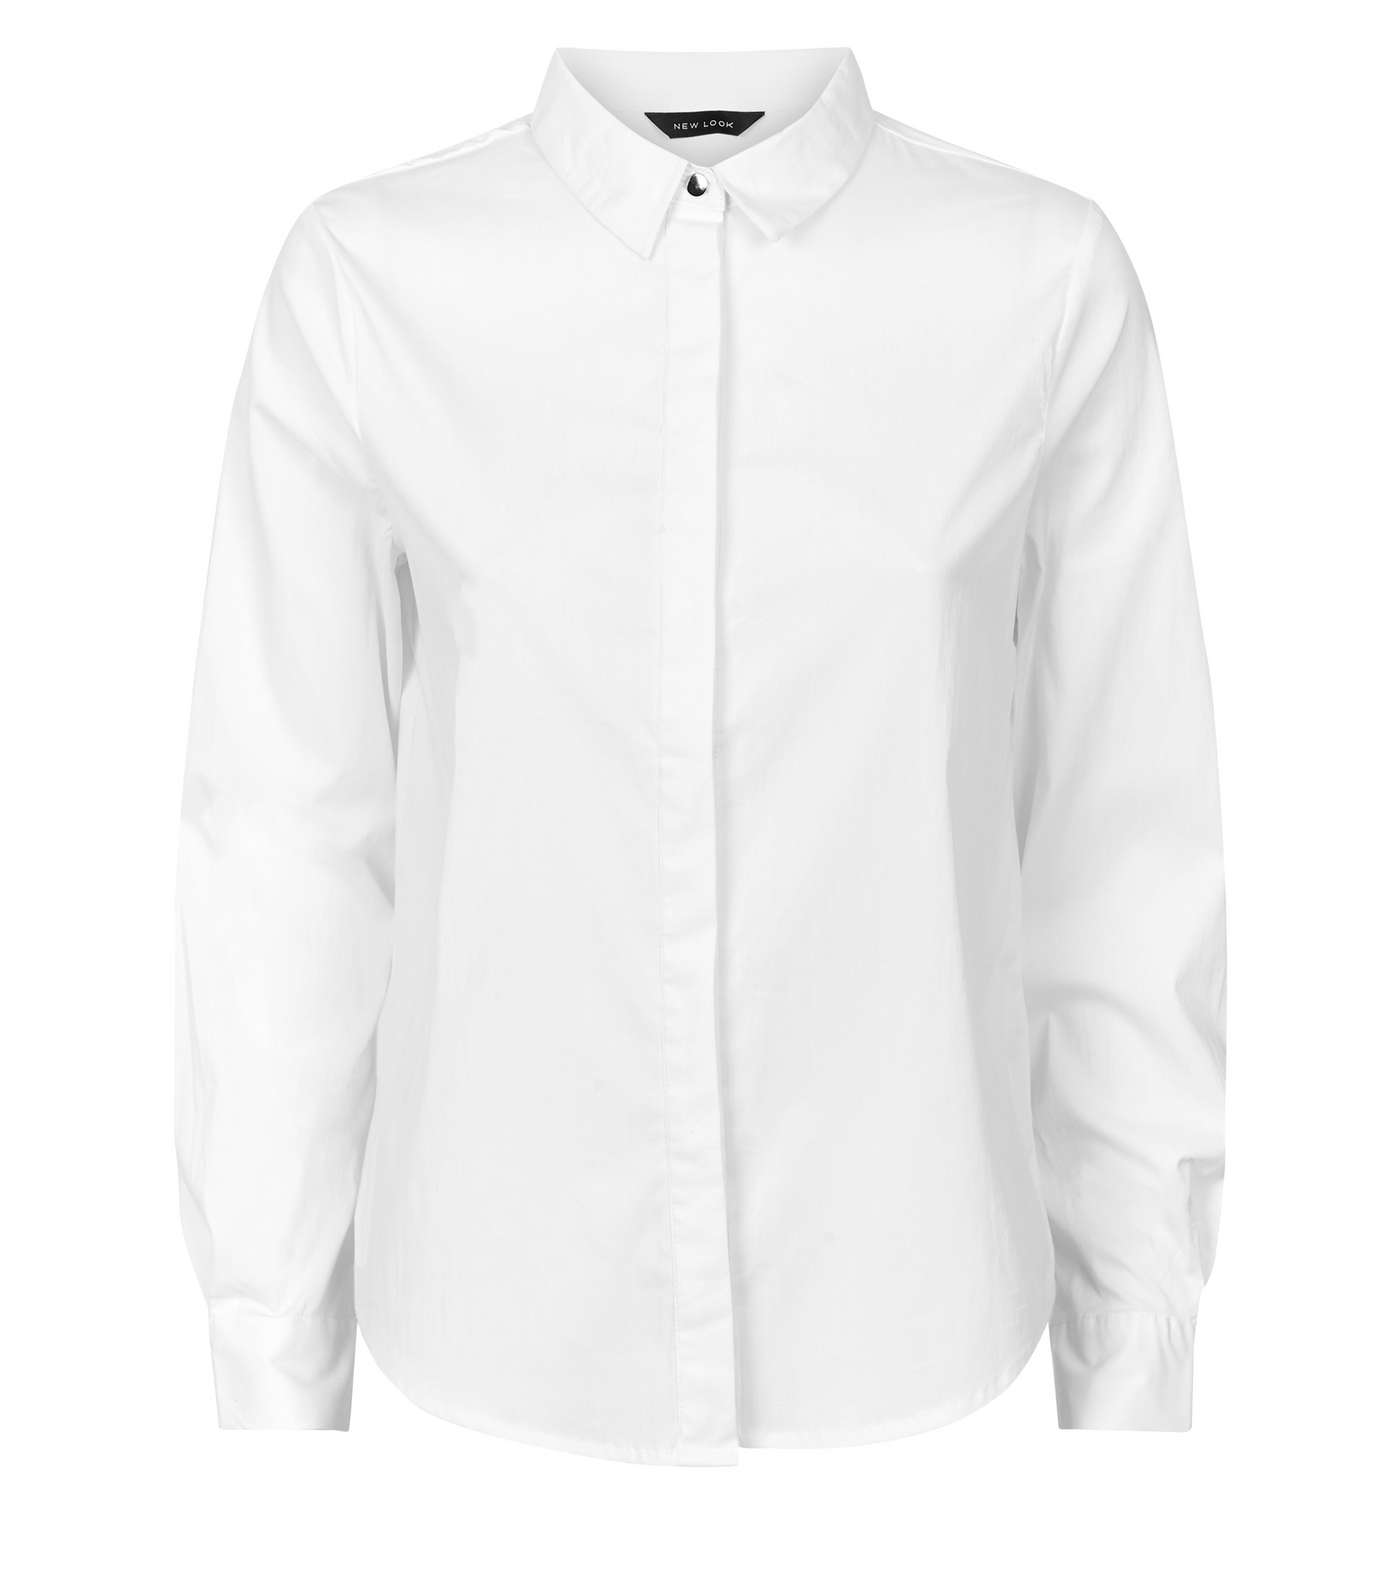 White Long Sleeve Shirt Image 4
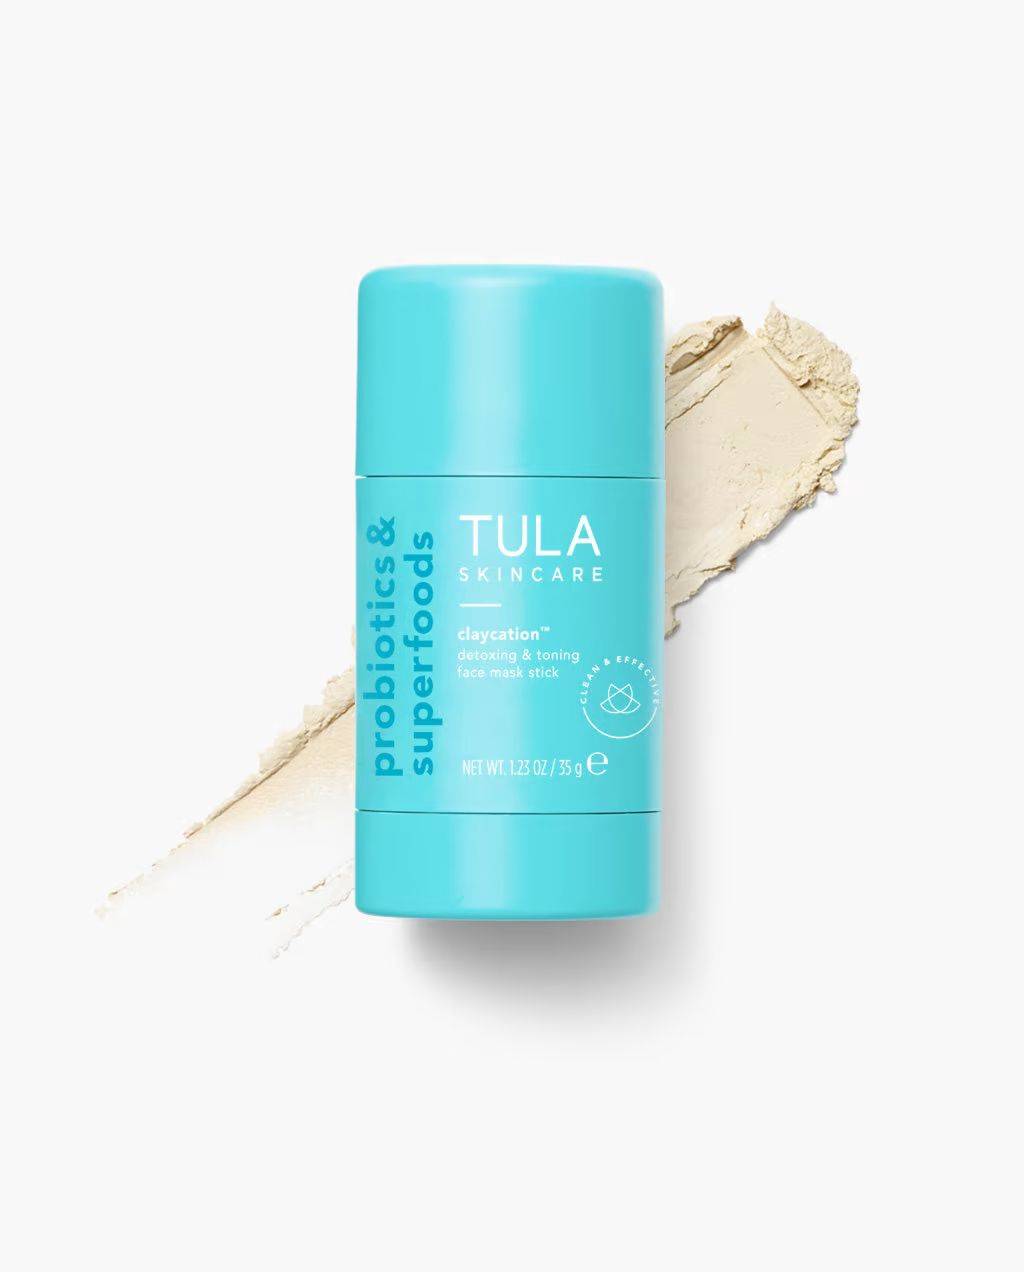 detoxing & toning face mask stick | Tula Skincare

————

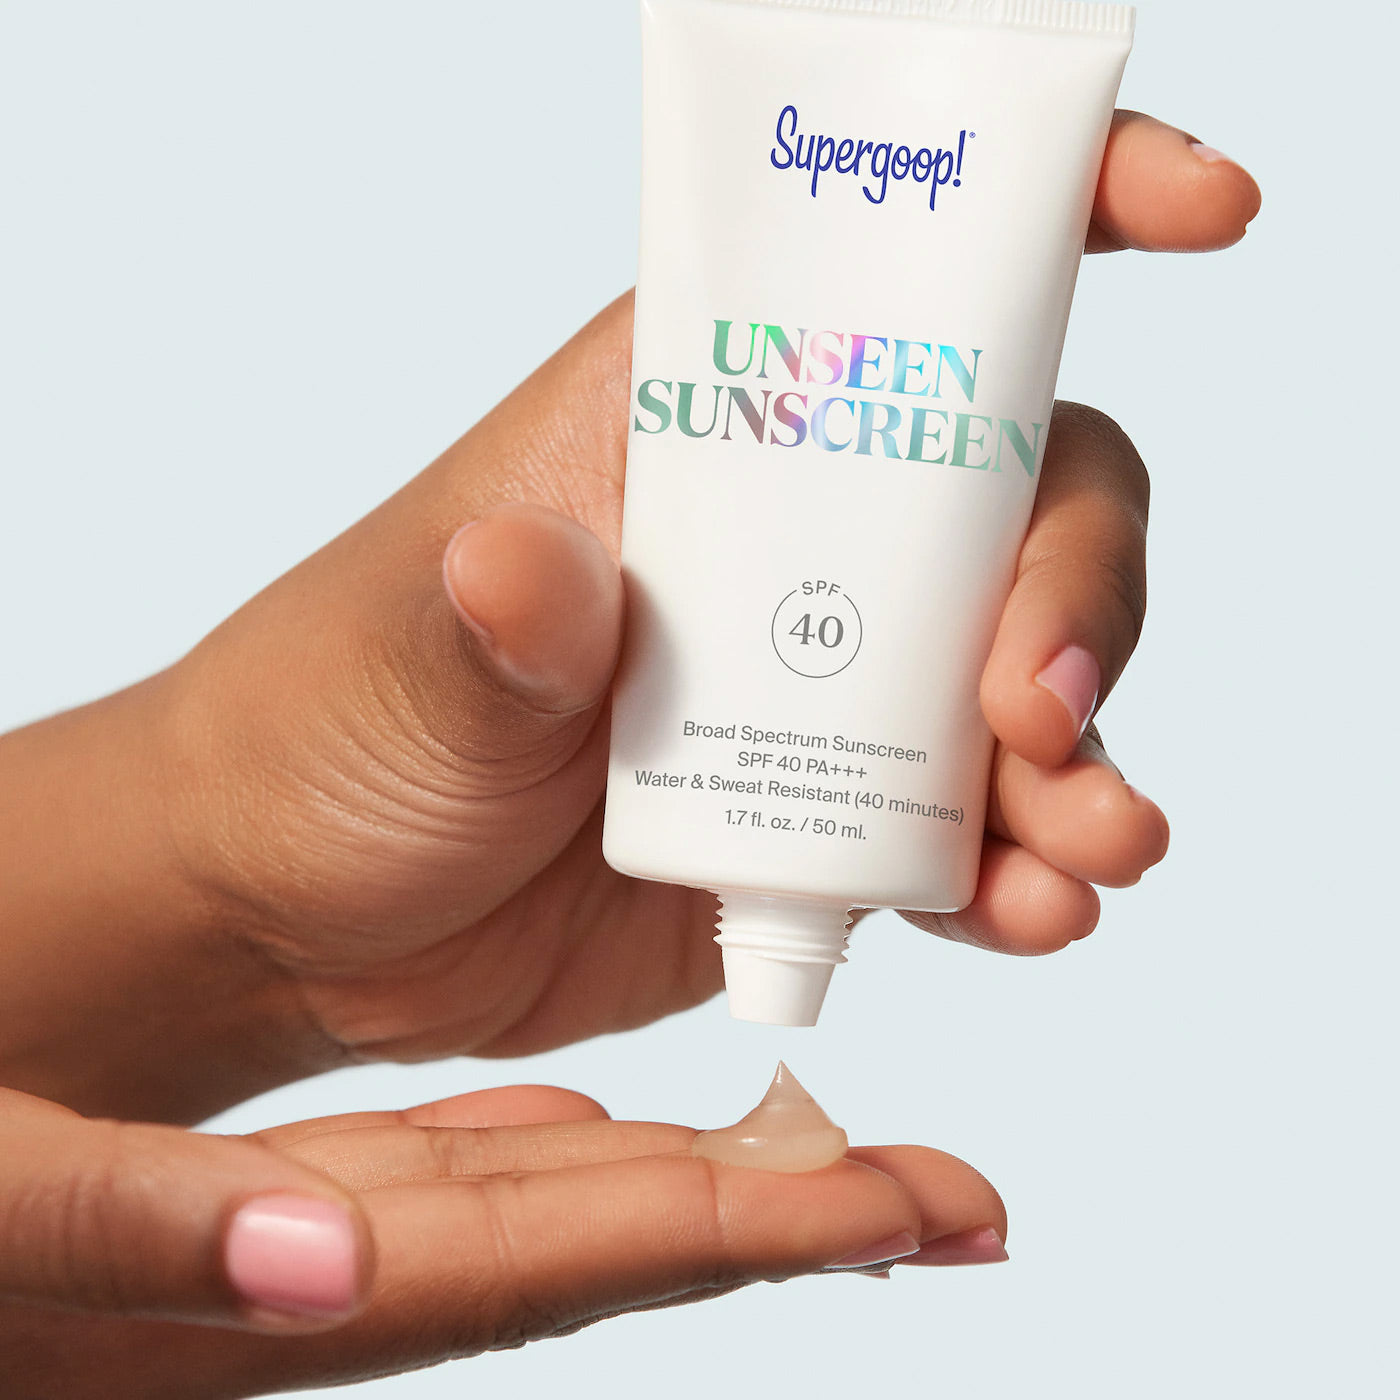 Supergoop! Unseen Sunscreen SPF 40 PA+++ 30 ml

————

TASK DIRECTIONS
Only one stretch of the entries above is needed: the lines from the one containing "White Long Sleeve Shirt Image 4" through the one containing "detoxing & toning". Copy it exactly, without the pictures.

WRITTEN SOLUTION
 White Long Sleeve Shirt Image 4
 detoxing & toning face mask stick | Tula Skincare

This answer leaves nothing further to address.